HI @ryannggy , on the Flownet2S error, I could only find this possible solution . Hope this helps.
As for the missing checkpoints, I really don't have a clue what could be missing. ( as long as you are not using both skip_training and skip_validation flags together, they should be saved in --save (./work by default) location as .pth.tar files
Also I am curious, what was the original issue that you encountered? and How did you get it resolved ?

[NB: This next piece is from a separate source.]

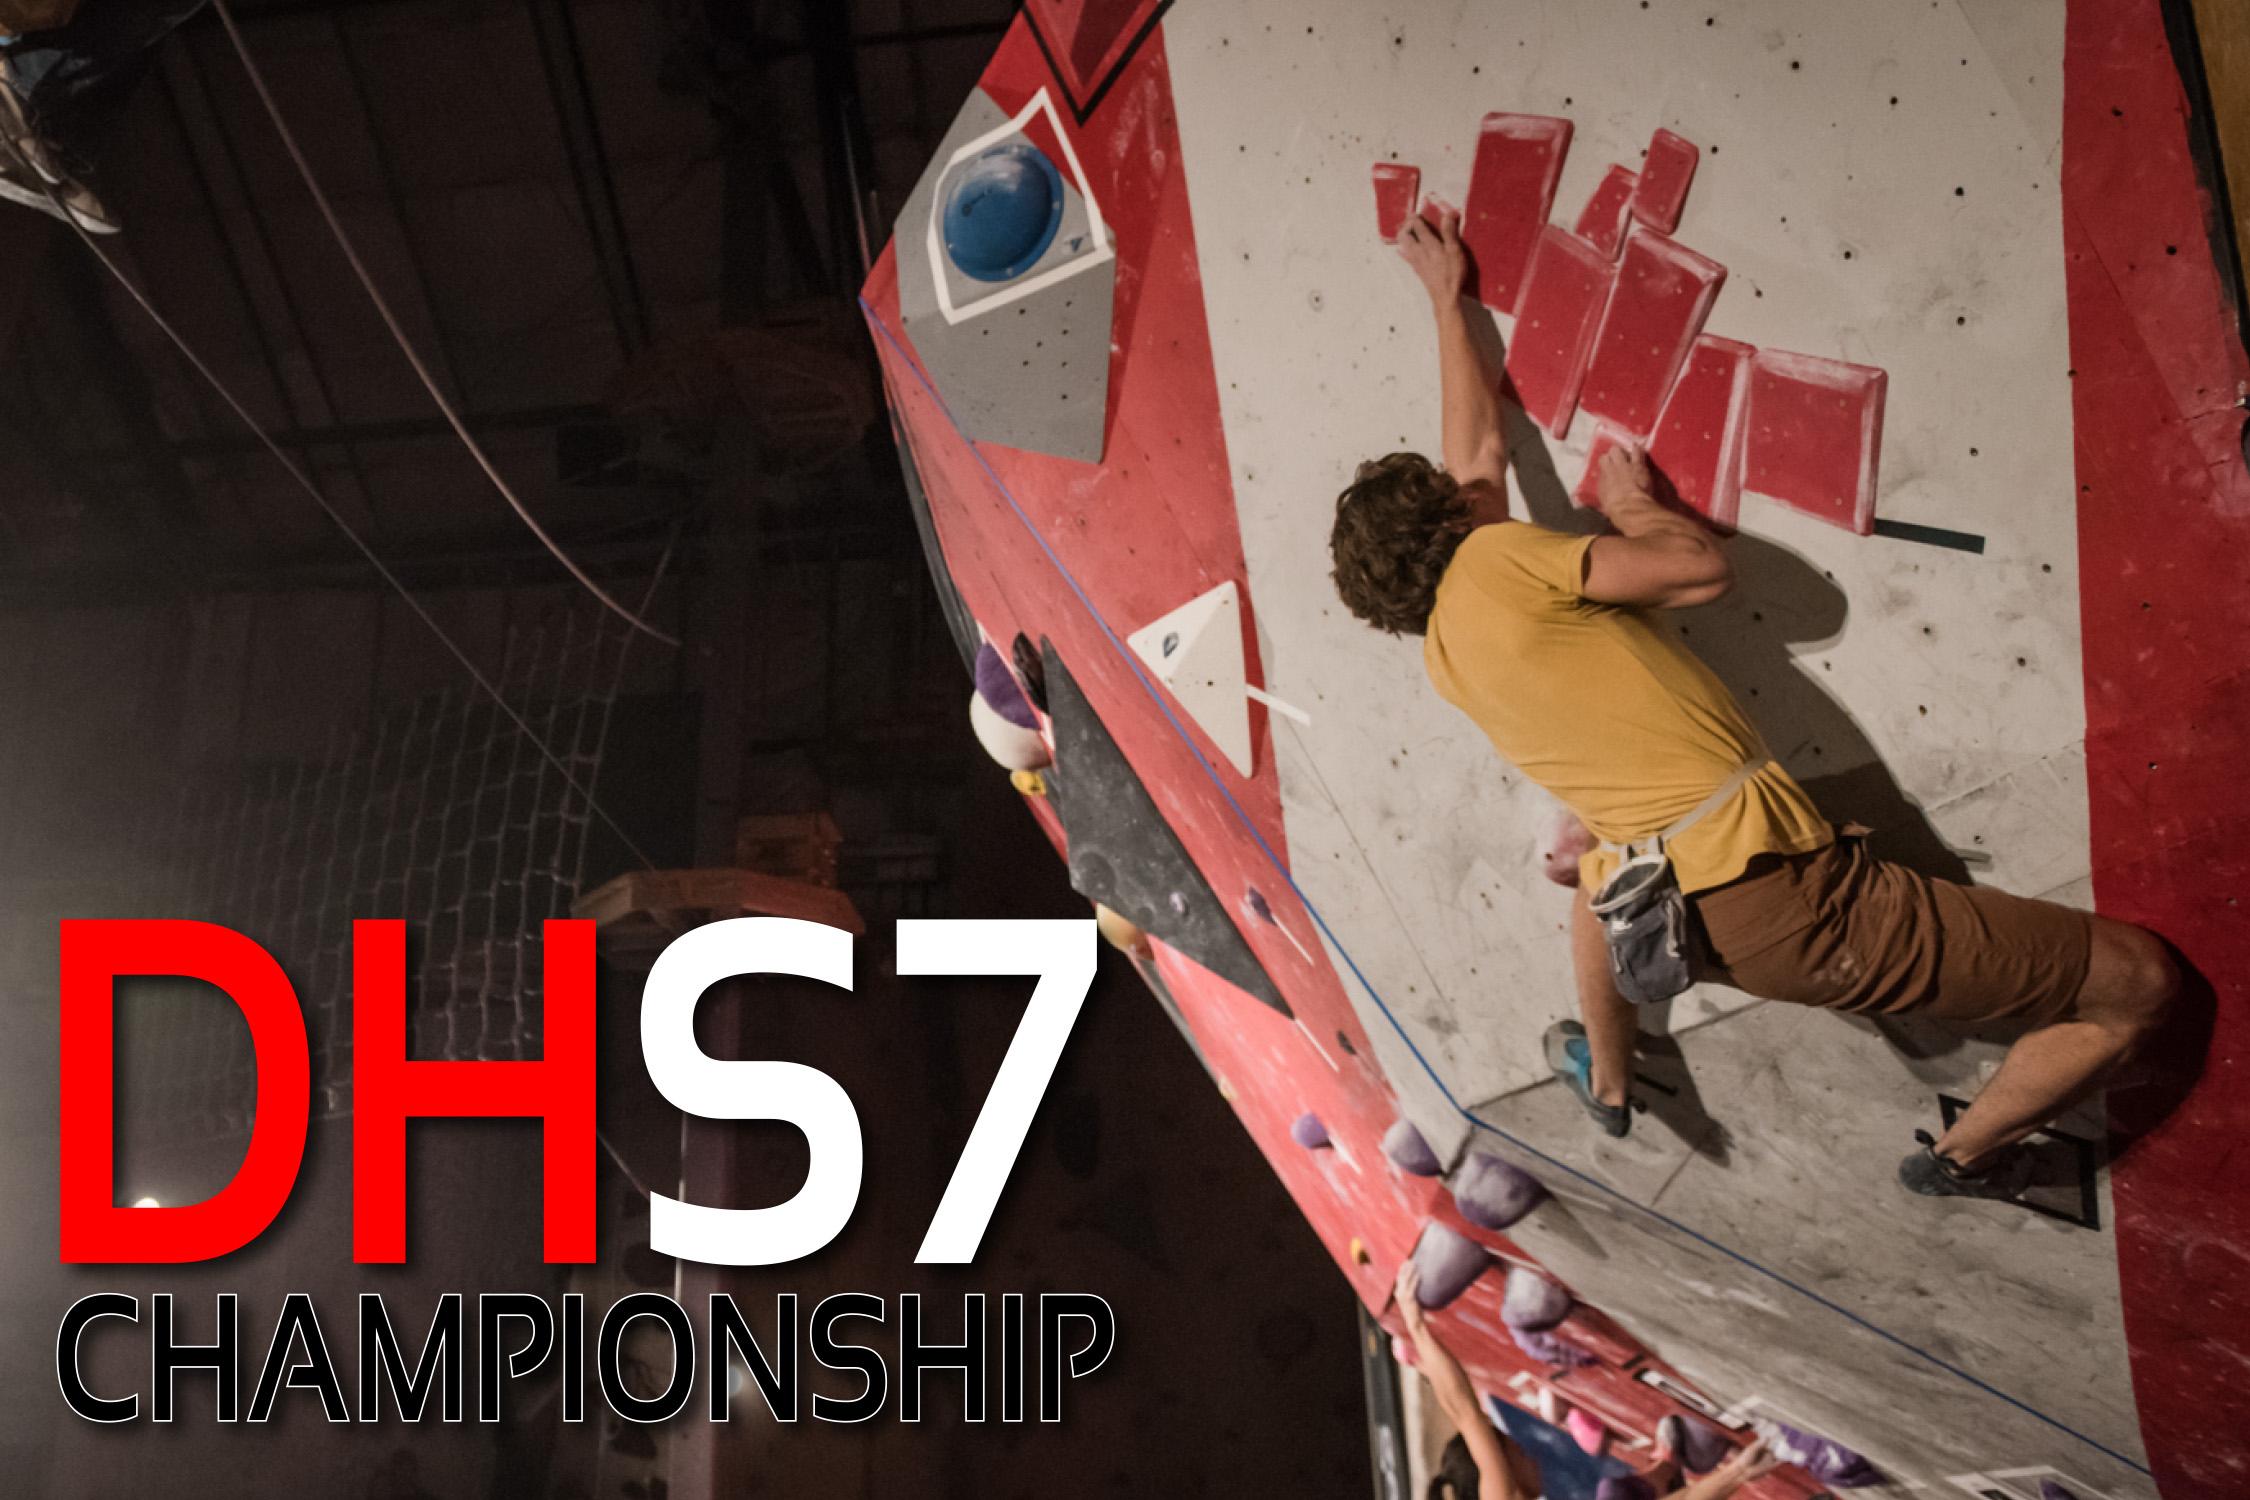 DHS7 - CHAMPIONSHIP

hi @gauravv97, you are correct. the issue was solved with handling of the flow file dimensions. your advice has been great help. thank you
Hi there, I am trying to use your notebook to train on my own dataset. The dataset consists of samples where each sample consists of a single image pair and their respective ground truth flow. I have been trying to make it work on the notebook but it seems to be unable to. Please advise.